Comment emprisoner Ann Veronica Janssens dans une chorégraphie ?

Notice pour Pierre Droulers

 

Deux fois, lors d’une conférence sur l’œuvre de Ann Veronica Janssens, quelqu’un qui se trouvait dans la salle m’a demandé si je n’avais pas l’impression que cette artiste n’aimait pas les gens. Voici une question surprenante pour quelqu’un qui s’est familiarisé avec l’œuvre de cette artiste douce, respectueuse et prudente. Et en même temps pas si surprenante que ça, puisque, en effet, beaucoup de diapositives faites lors d’expositions montrent ses œuvres dans des conditions presque stériles, comme si elles ne supportaient pas la présence de gens.

    Aujourd’hui je pense que le rapport intime avec le spectateur ou la spectatrice que demande presque chaque sculpture de Ann Veronica Janssens, exige en même temps qu’il n’y ait pas trop de gens autour. Sans paix convenable l’expérience optique, physique, sensorielle ou sensuelle peut ne pas avoir lieu.
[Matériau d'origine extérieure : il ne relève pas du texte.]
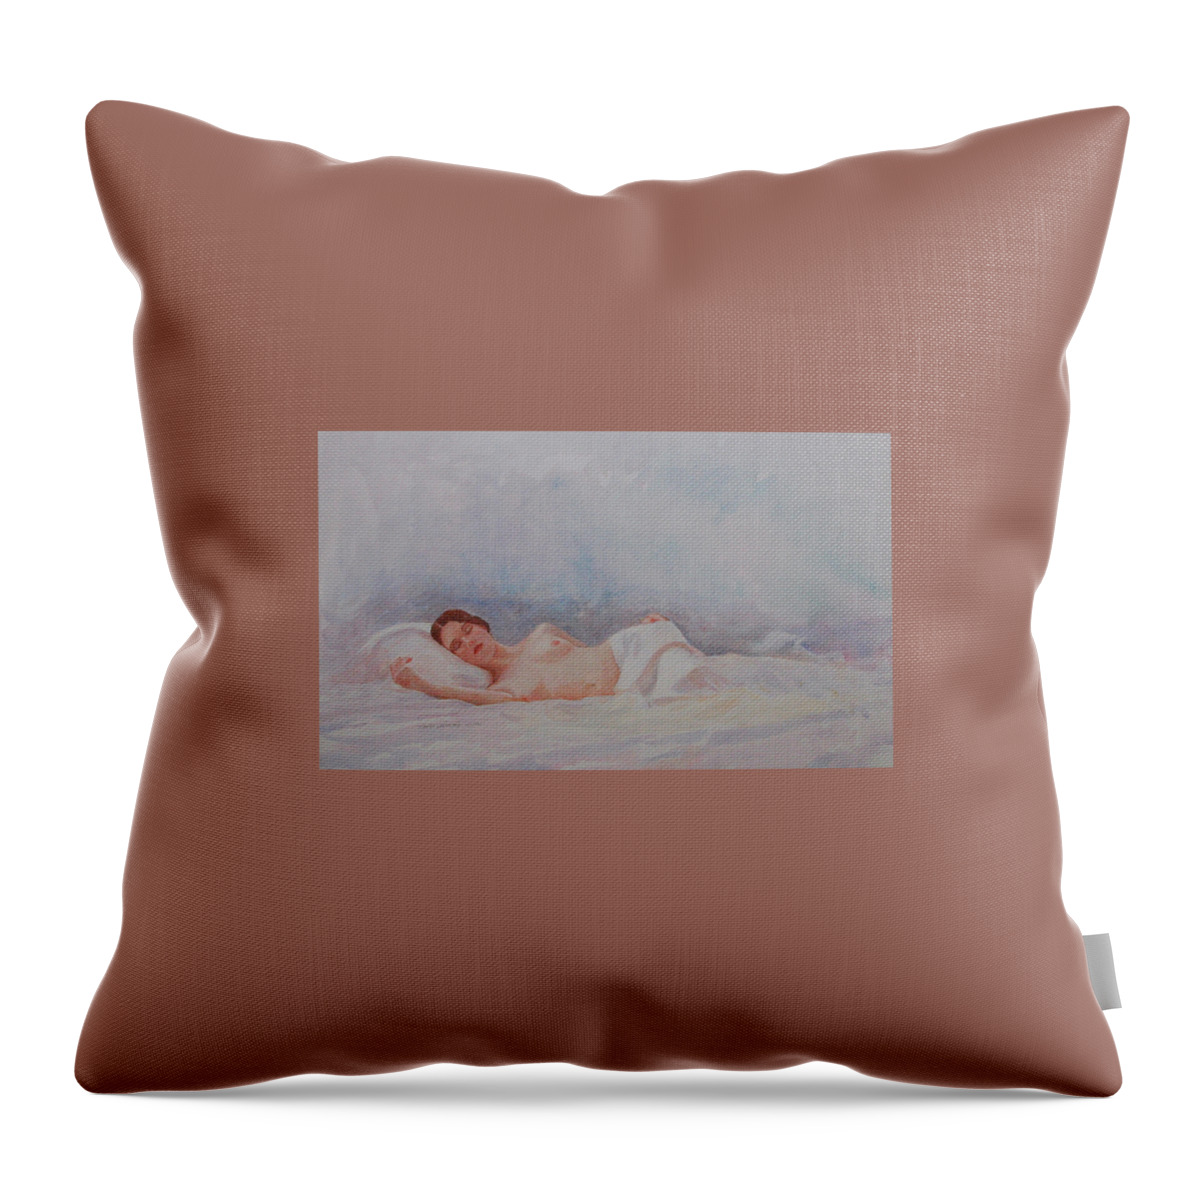 Reclining Nude Throw Pillow featuring the painting Reclining Nude 3 by David Ladmore

Maintenant, en quoi consiste cette œuvre si délicate et mystérieuse qu’elle semble ne supporter qu’un spectateur ? Lorsque, il y a quatre ans, l’artiste Joëlle Tuerlinckx a invité Ann Véronica Janssens à une contribution dans un musée vide (comme acte d’exposition Joëlle Tuerlinckx avait ouvert et rendu accessible le musée 24 heures sur 24, tout en prenant soin que l’éclairage du musée change continuellement, jour et nuit), Ann Veronica fit un petit carton portant une inscription qui invitait le spectateur à voir “une vibration lumineuse 8 cm au-dessus du sol”.

    Pour une autre exposition elle a scellé l’aile d’un béguinage, faisant retentir dans cette aile fermée des bruits d’explosions qui faisaient trembler tout le béguinage.
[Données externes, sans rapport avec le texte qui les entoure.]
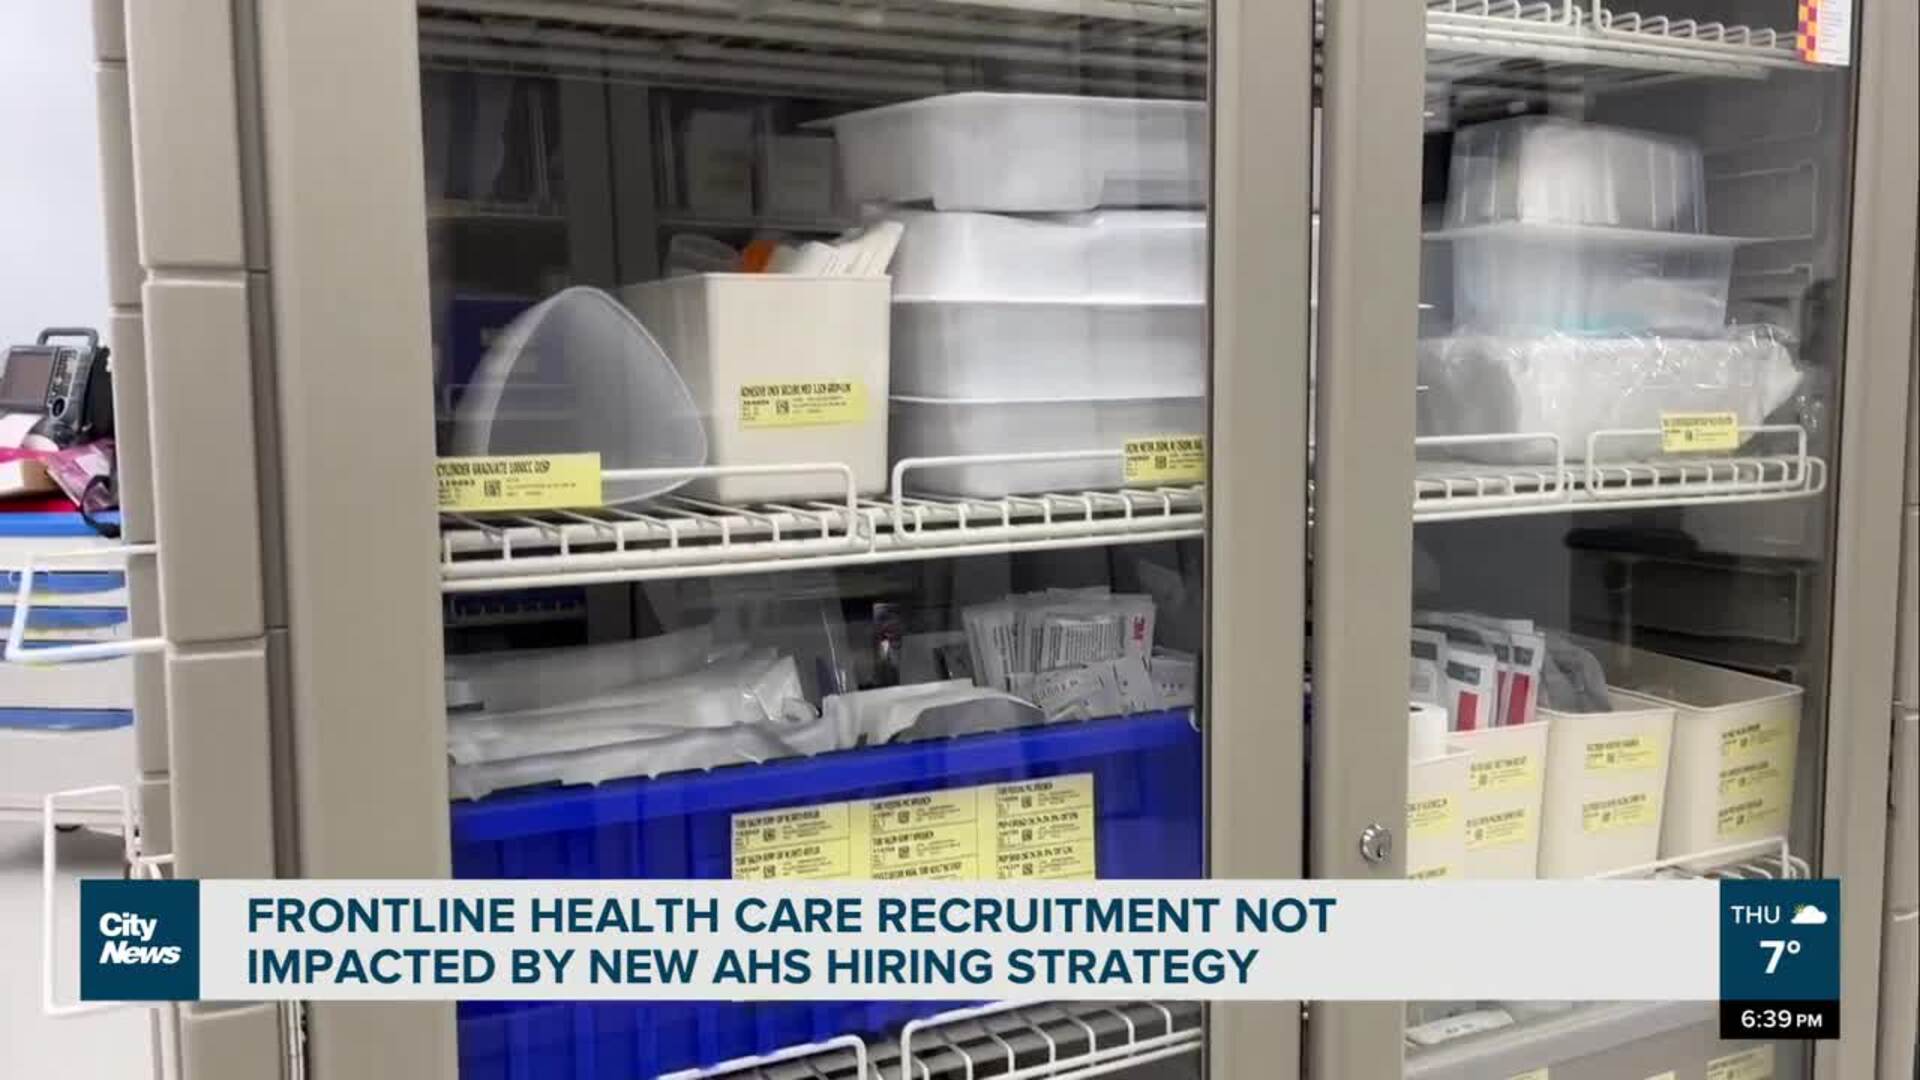 Frontline health care recruitment not impacted by new AHS hiring strategy

    En janvier 1997 elle a rempli de brouillard deux grandes salles d’un musée à Anvers.

    Elle a aussi fait plusieurs sculptures avec des miroirs, des liquides ou des simples plaques de verre ou de plexiglas qui attrapent la lumière ou des images, comme des instants ralentis entre nos yeux et le monde.

Souvent ses œuvres nous renvoient à l’extérieur. Elles nous montrent ce qu’il y a à voir. Ainsi, la lune me fait toujours penser à l’œuvre de Ann Veronica Janssens. La nuit elle nous indique que le soleil continue sa besogne. Elle nous donne une place dans l’espace. Tous les nuages aussi me font penser à son œuvre. Quels beaux engins de gaz et de lumière ! Cet après-midi j’ai pensé à cette œuvre en voyant la fumée qui s’échappait d’une haute cheminée à Vilvoorde… Tout ce qui bouge dans le ciel m’y fait penser… La fumée blanche, orange ou rose, produite par des avions. Les avions eux-mêmes, qui reflètent la lumière. Les pigeons lorsqu’ils tournent en rond au-dessus de notre jardin et, ce faisant, dans le virage montrent leur ventre au soleil et pendant une seconde scintillent comme des paillettes en papier argenté.
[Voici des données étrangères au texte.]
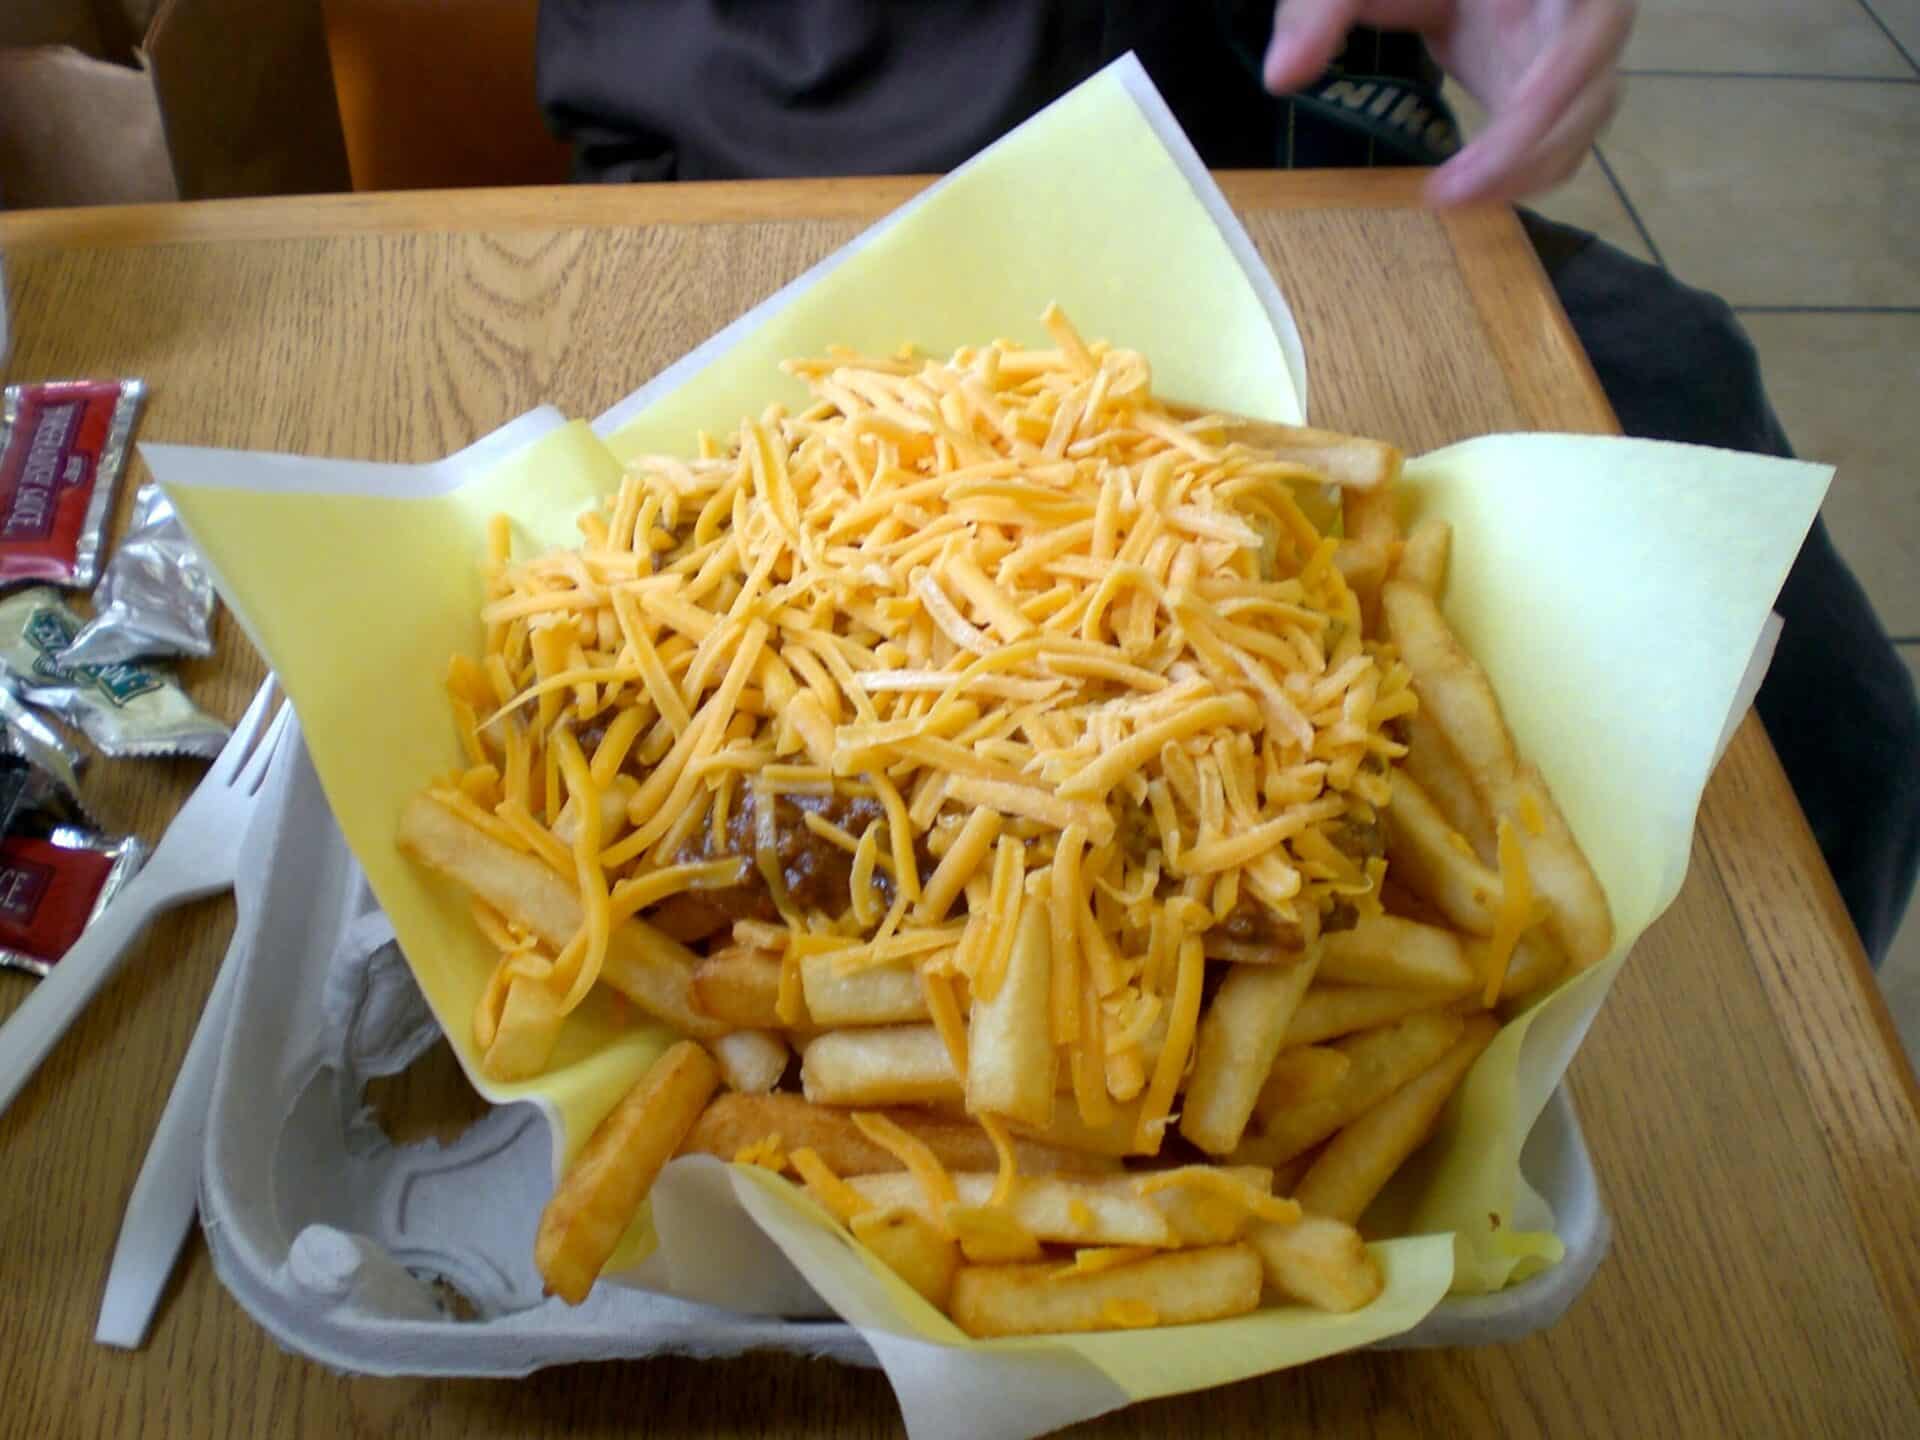 How To Keep Fries From Getting Soggy

‘Si tu veux que Ann Veronica ajoute une expérience à cette chorégraphie,” dis-je à Pierre Droulers, “il faudrait ligoter les danseurs dans les coulisses et créer des brèches de quatre minutes, des breaks, des pauses, des trous, et demander à Ann Veronica si elle ne pourrait pas faire passer un petit nuage ou une lune qui pendant quatre minutes attraperait pour nous une lumière ou une image. Je pense qu’il faudrait lui donner trois fois quatre minutes de paix et elle nous ferait écouter le rire d’une petite fille, le chant d’un petit garçon et des soupirs de gens inconnus. En fait, il lui faut des ‘Ma’ dans ton spectacle. Il faudrait faire de la place, il faudrait se retirer, il faudrait oublier la chorégraphie.’

    ‘Pour De l’air et du vent j’avais créé une lumière glissante qui se déplaçait de gauche à droite,’ dit Jim Clayburgh, ‘mais on ne la voyait pas glisser à cause des danseurs. Le mouvement des danseurs empêchait le spectateur de voir le mouvement de la lumière.’

    ‘Il y a quatre ans,’ raconte Pierre Droulers, ‘lorsque nous travaillions au spectacle De l’air et du vent, Ann Veronica avait créé un espace avec des miroirs. C’était magnifique. Appelons les danseurs ! dit-je. Ah non, me fit-elle, ça doit rester vide ! Maintenant elle a créé un espace rempli de brouillard que Jim éclairera avec un dégradé du rouge vers le bleu. Nous allons montrer cette sculpture à Tours comme bande d’annonce du spectacle. Je me demande si on ne la montrerait pas tout simplement comme dernier acte du spectacle.’